> _Data shown_:
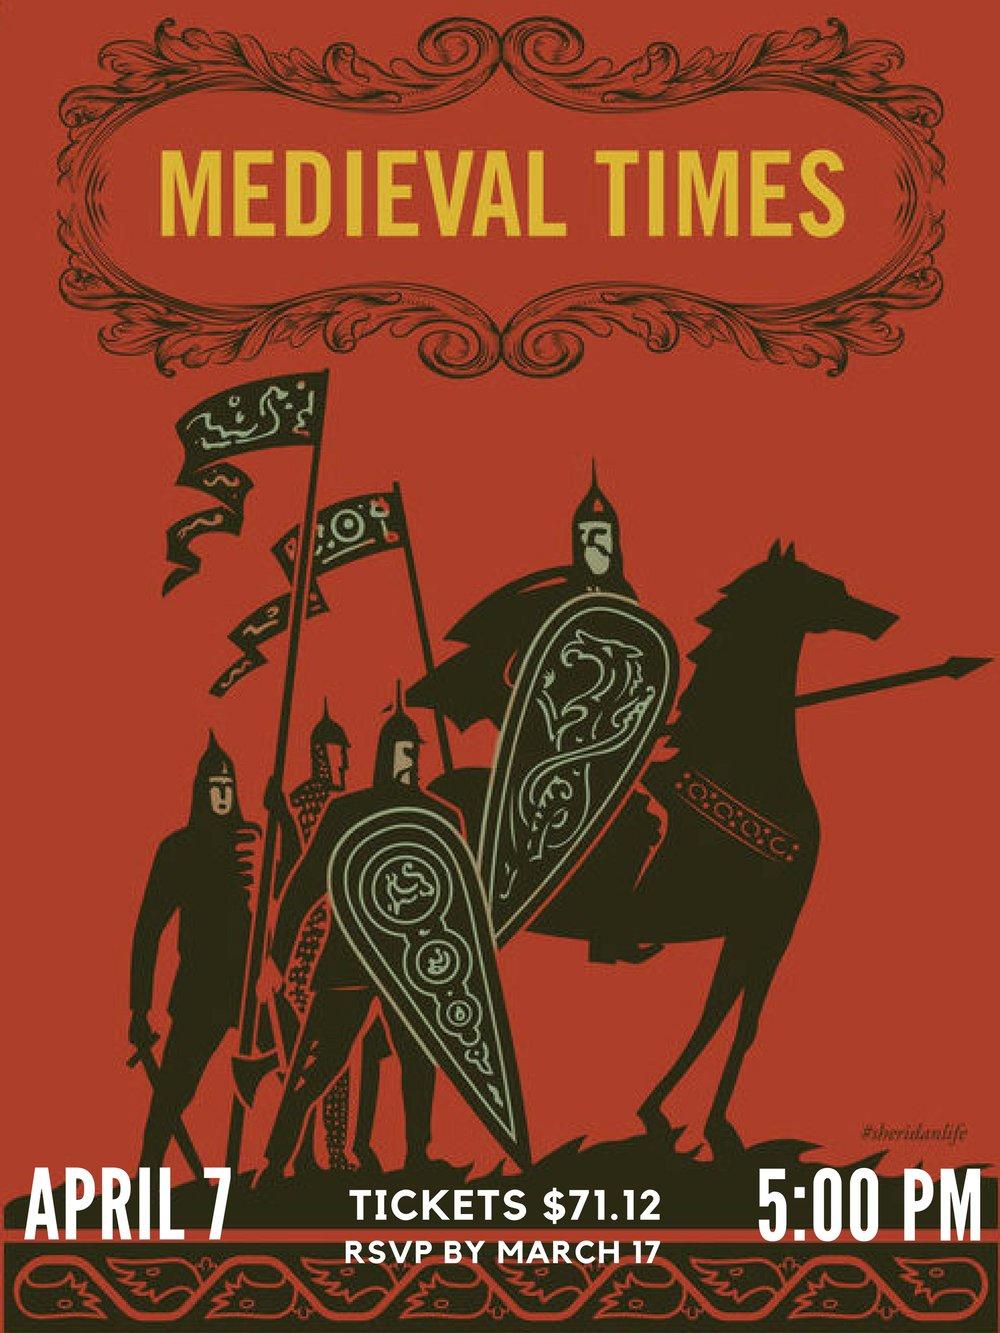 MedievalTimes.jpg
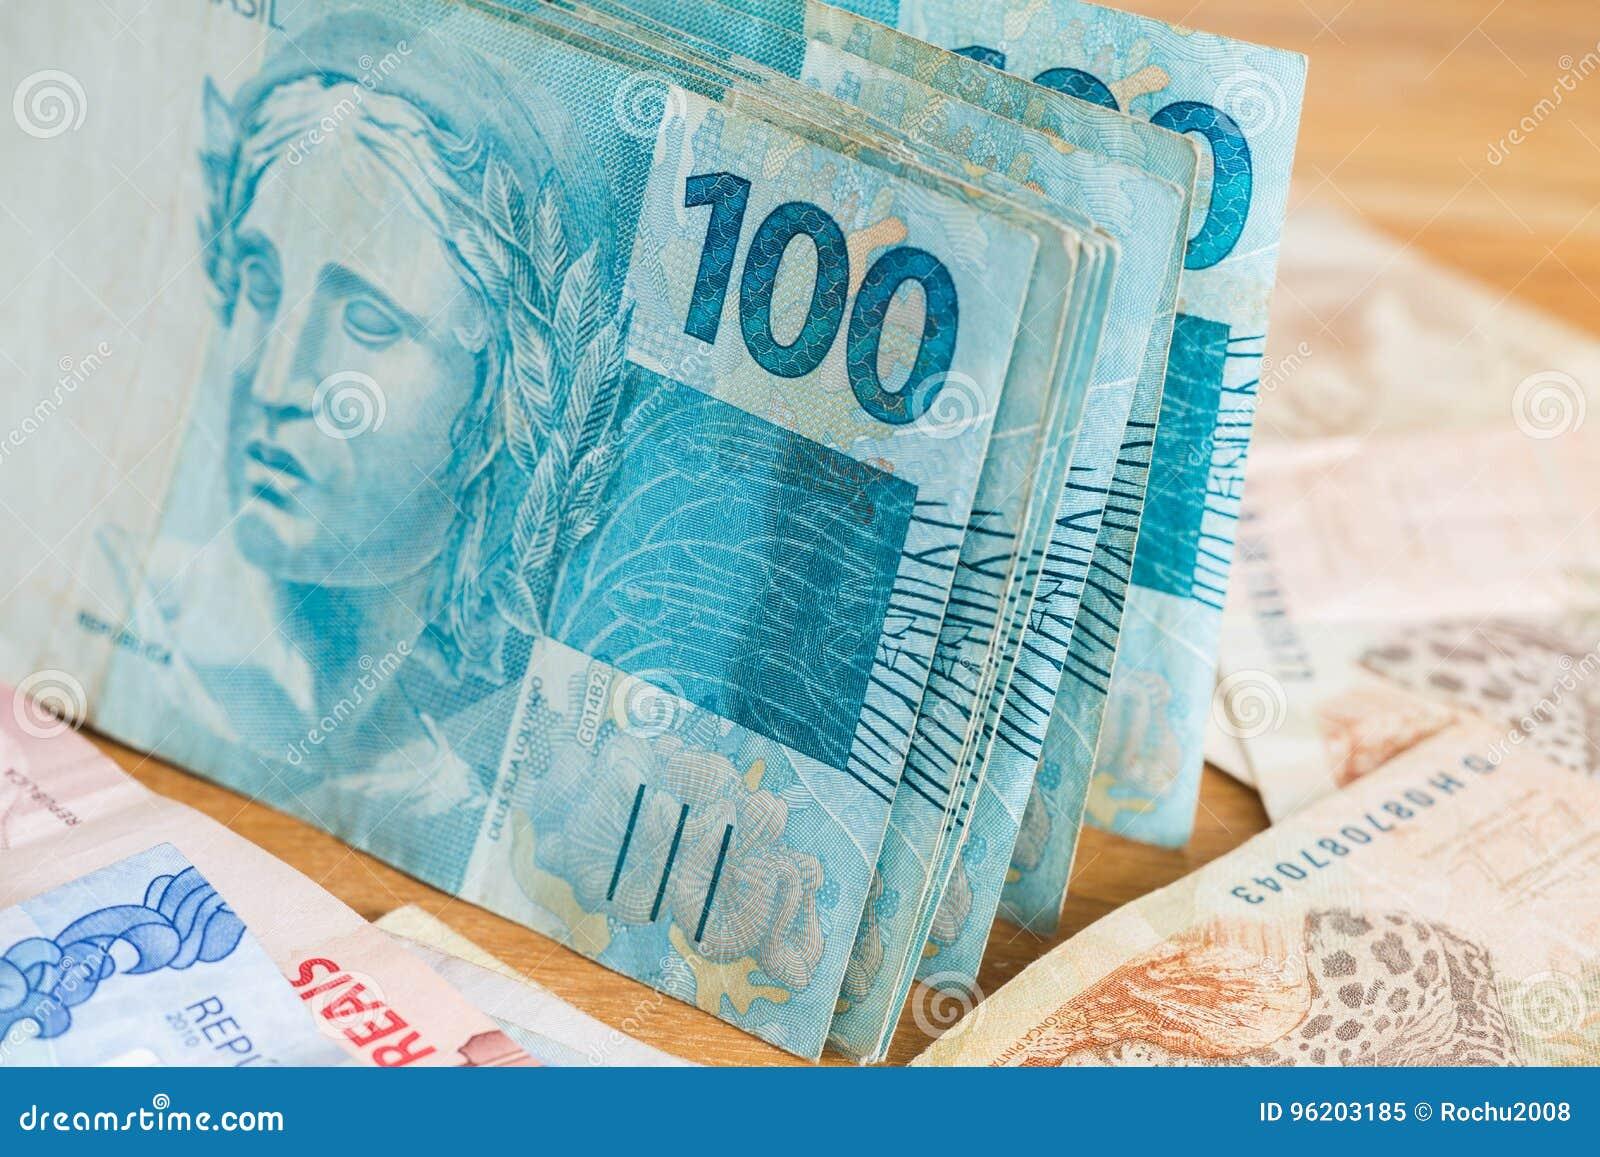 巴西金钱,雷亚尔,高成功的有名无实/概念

* * *

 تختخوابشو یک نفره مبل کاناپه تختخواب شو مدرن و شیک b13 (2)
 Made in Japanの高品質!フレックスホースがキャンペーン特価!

---

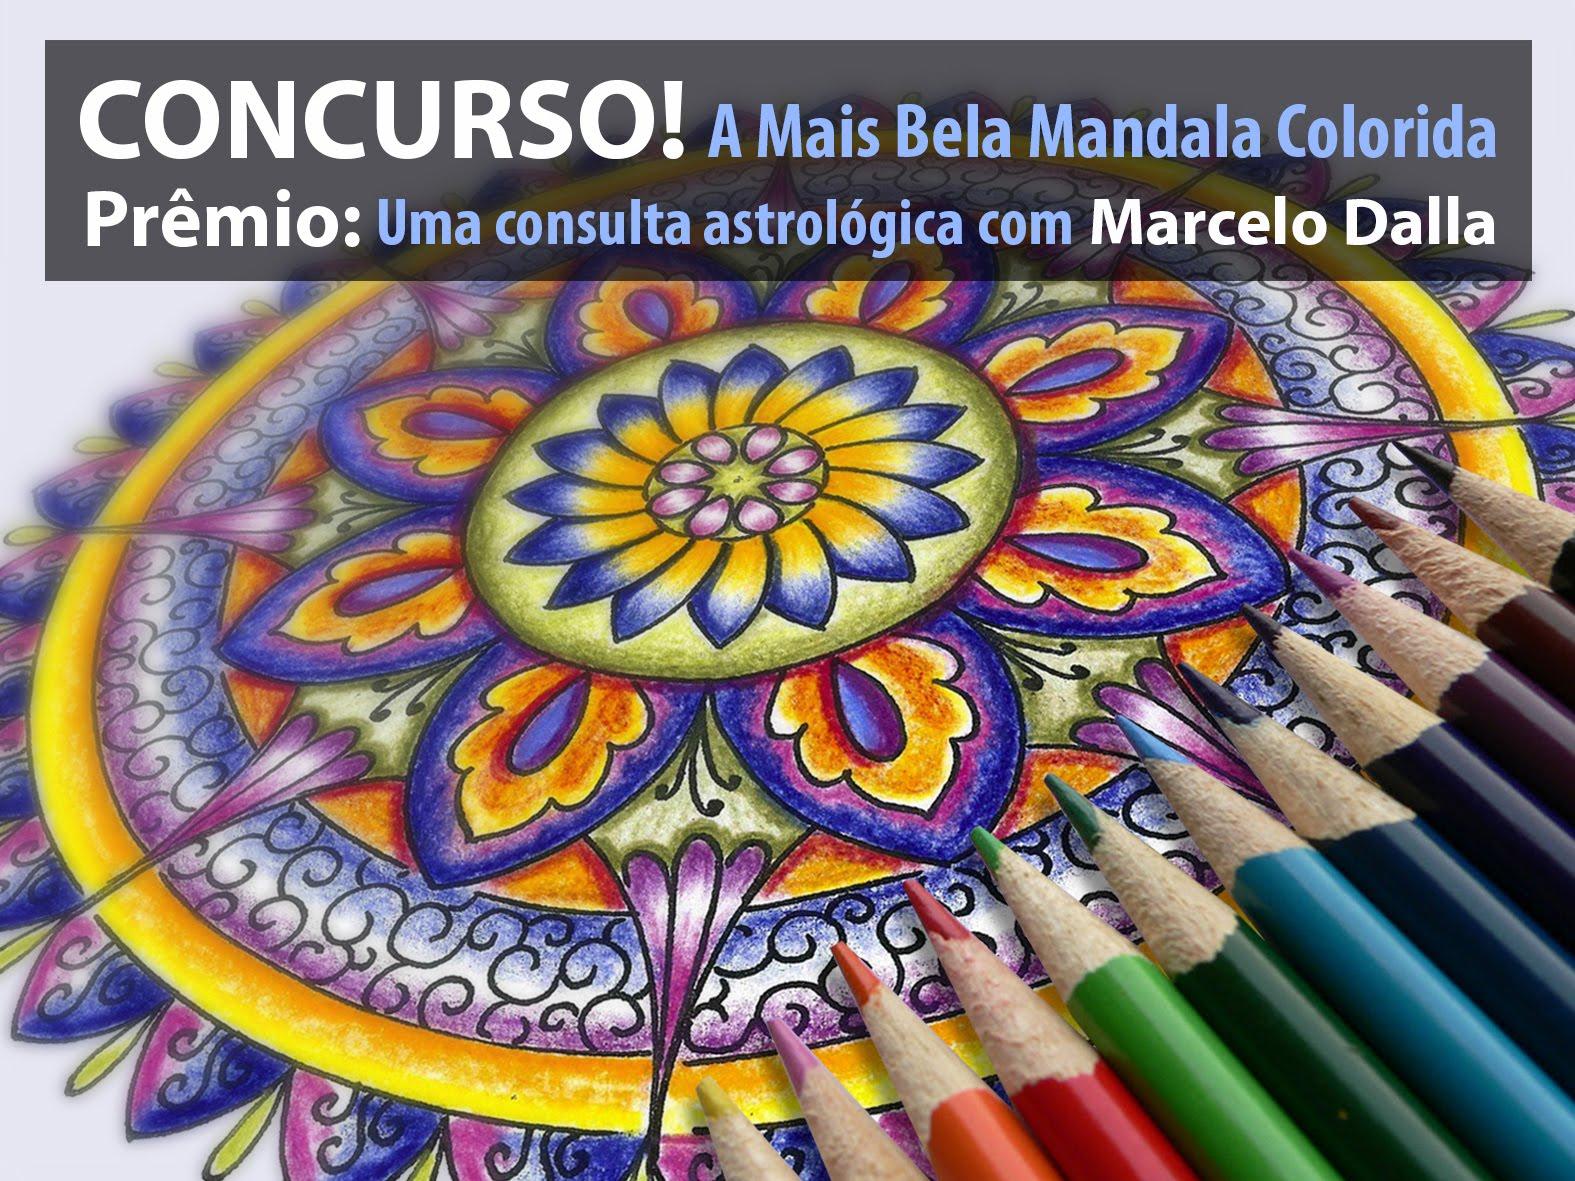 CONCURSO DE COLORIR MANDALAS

> _What is required_: Out of the data above, give again only the lines starting at the one holding "تختخوابشو یک نفره" and ending at the one holding "Made in Japanの高品質!フレックスホースがキャンペーン特価!", unchanged.

> _Finished task_:
 تختخوابشو یک نفره مبل کاناپه تختخواب شو مدرن و شیک b13 (2)
 Made in Japanの高品質!フレックスホースがキャンペーン特価!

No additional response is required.